Он приложил бараний рог одним концом к своему рту, другим концом ко рту убитого и принялся дуть. Но сколько он ни дул, вдохнуть жизнь в мертвеца ему не удалось. Как тот был мёртвым, так мёртвым и остался.
— Ну хорошо же, — сказал король, — этого оживить я не могу, но Плута казнить могу.
И он повернул назад, к дому Плута. Стражники ворвались в дом и схватили Плута, а король сказал:
— Ты меня столько раз обманывал, что на пощаду больше не надейся. Ведите его во дворец.
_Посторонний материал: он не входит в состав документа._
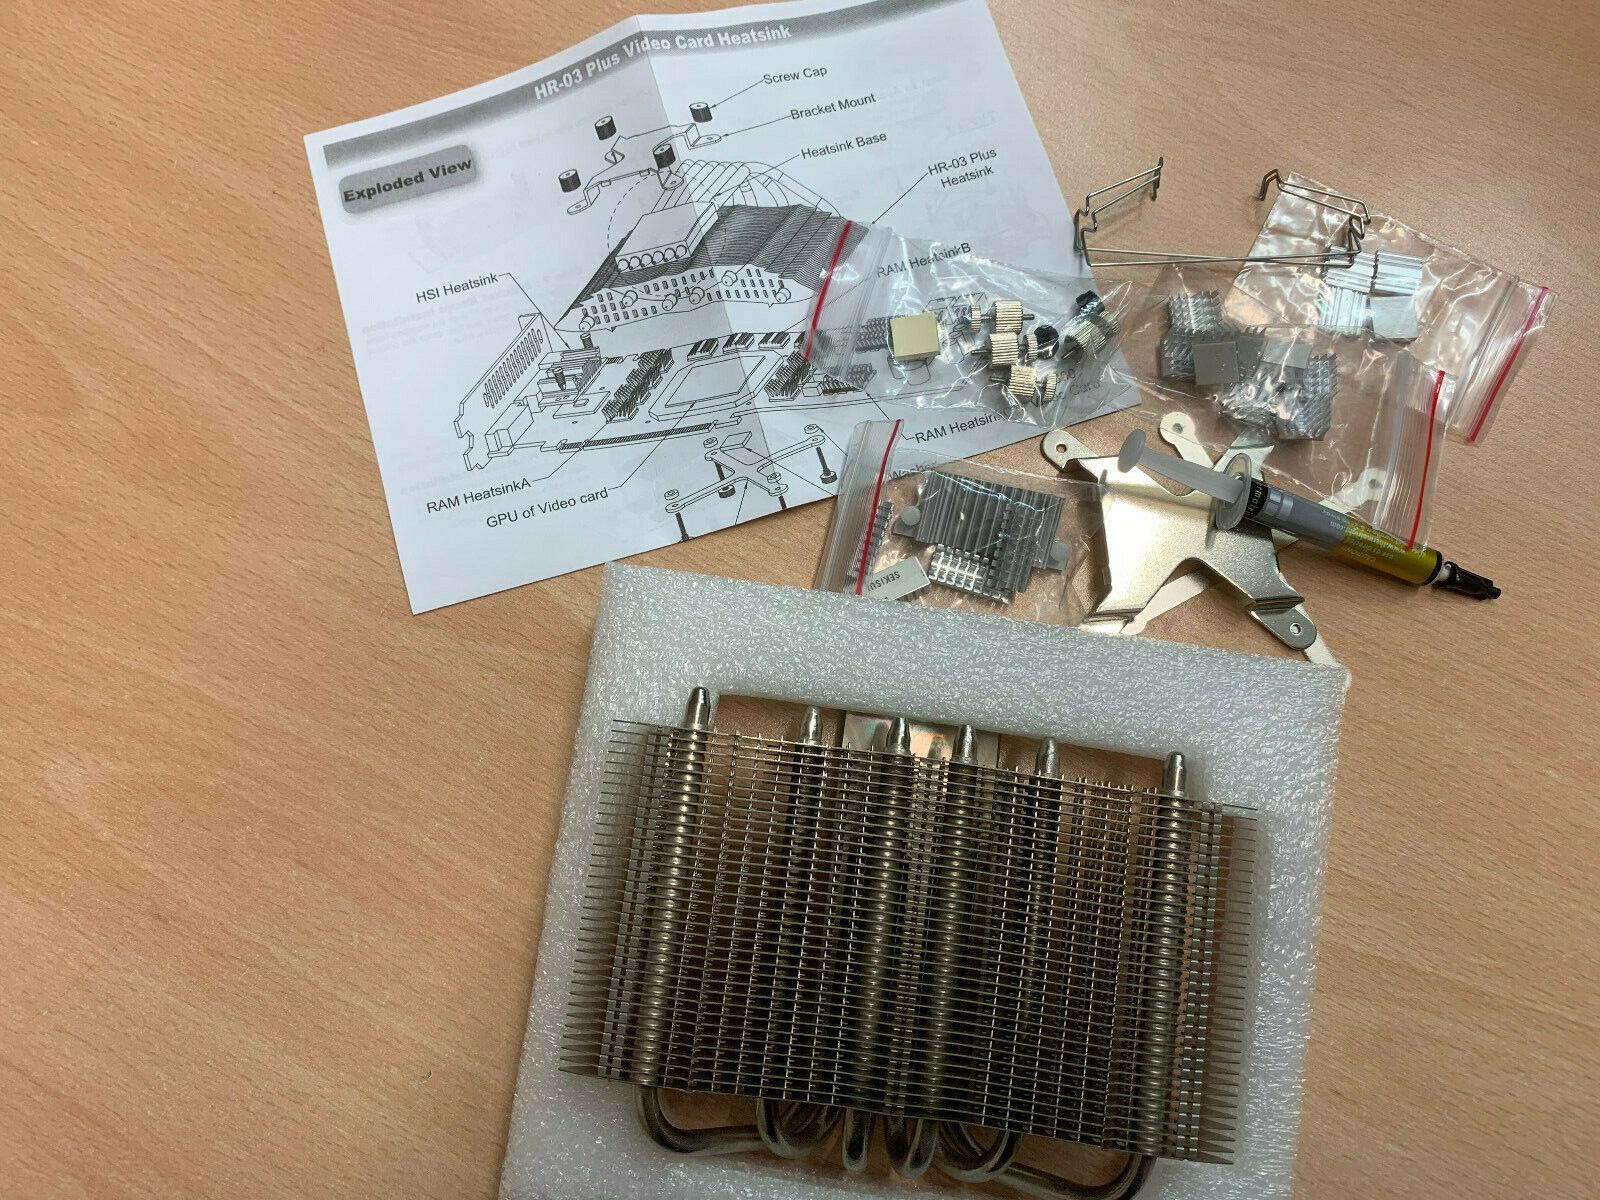 Grafikkarten-Lüfter Cooler THERMALRIGHT HR-03 Plus Video Card Heatsink - neu -
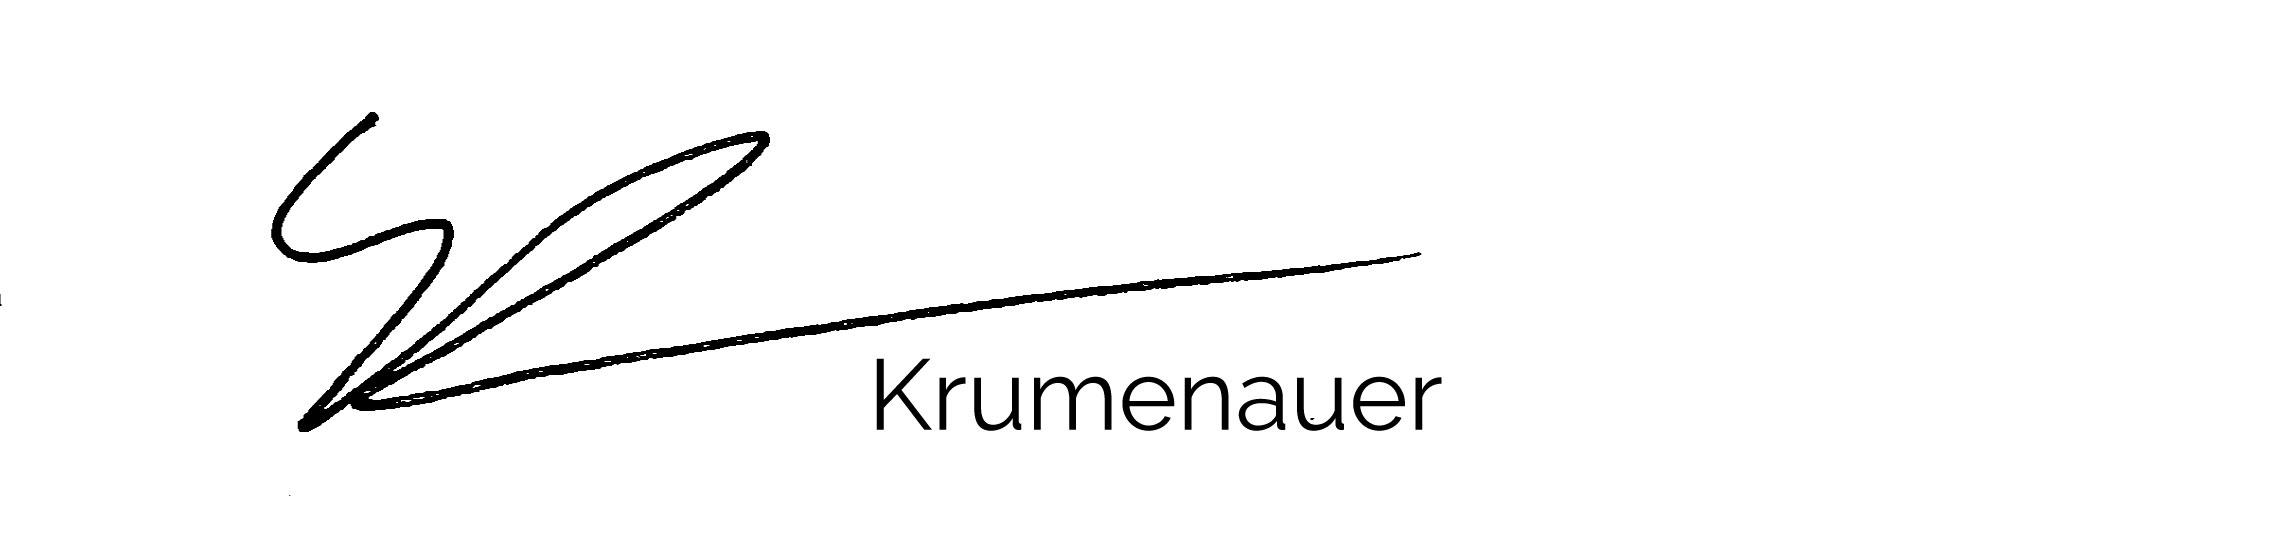 Kevin Krumenauer

Плут не стал ни спорить, ни хитрить.
— Что ж, идти так идти.
И все двинулись к королевскому дворцу.
Там король приказал выкатить на двор бочку, в бочку посадить Плута, потом наглухо заколотить её, отвезти на берег моря и поставить на вершину самой высокой скалы.
А дальше король распорядился так: пусть бочка три дня стоит на скале, чтобы Плут успел раскаяться во всех своих плутнях, а на четвёртый день король собственноручно сбросит её в море. Король всё любил делать собственноручно.
Сказано — сделано.
Сидит Плут в бочке день, сидит другой, сидит третий и, чтобы не так было скучно, поёт песни.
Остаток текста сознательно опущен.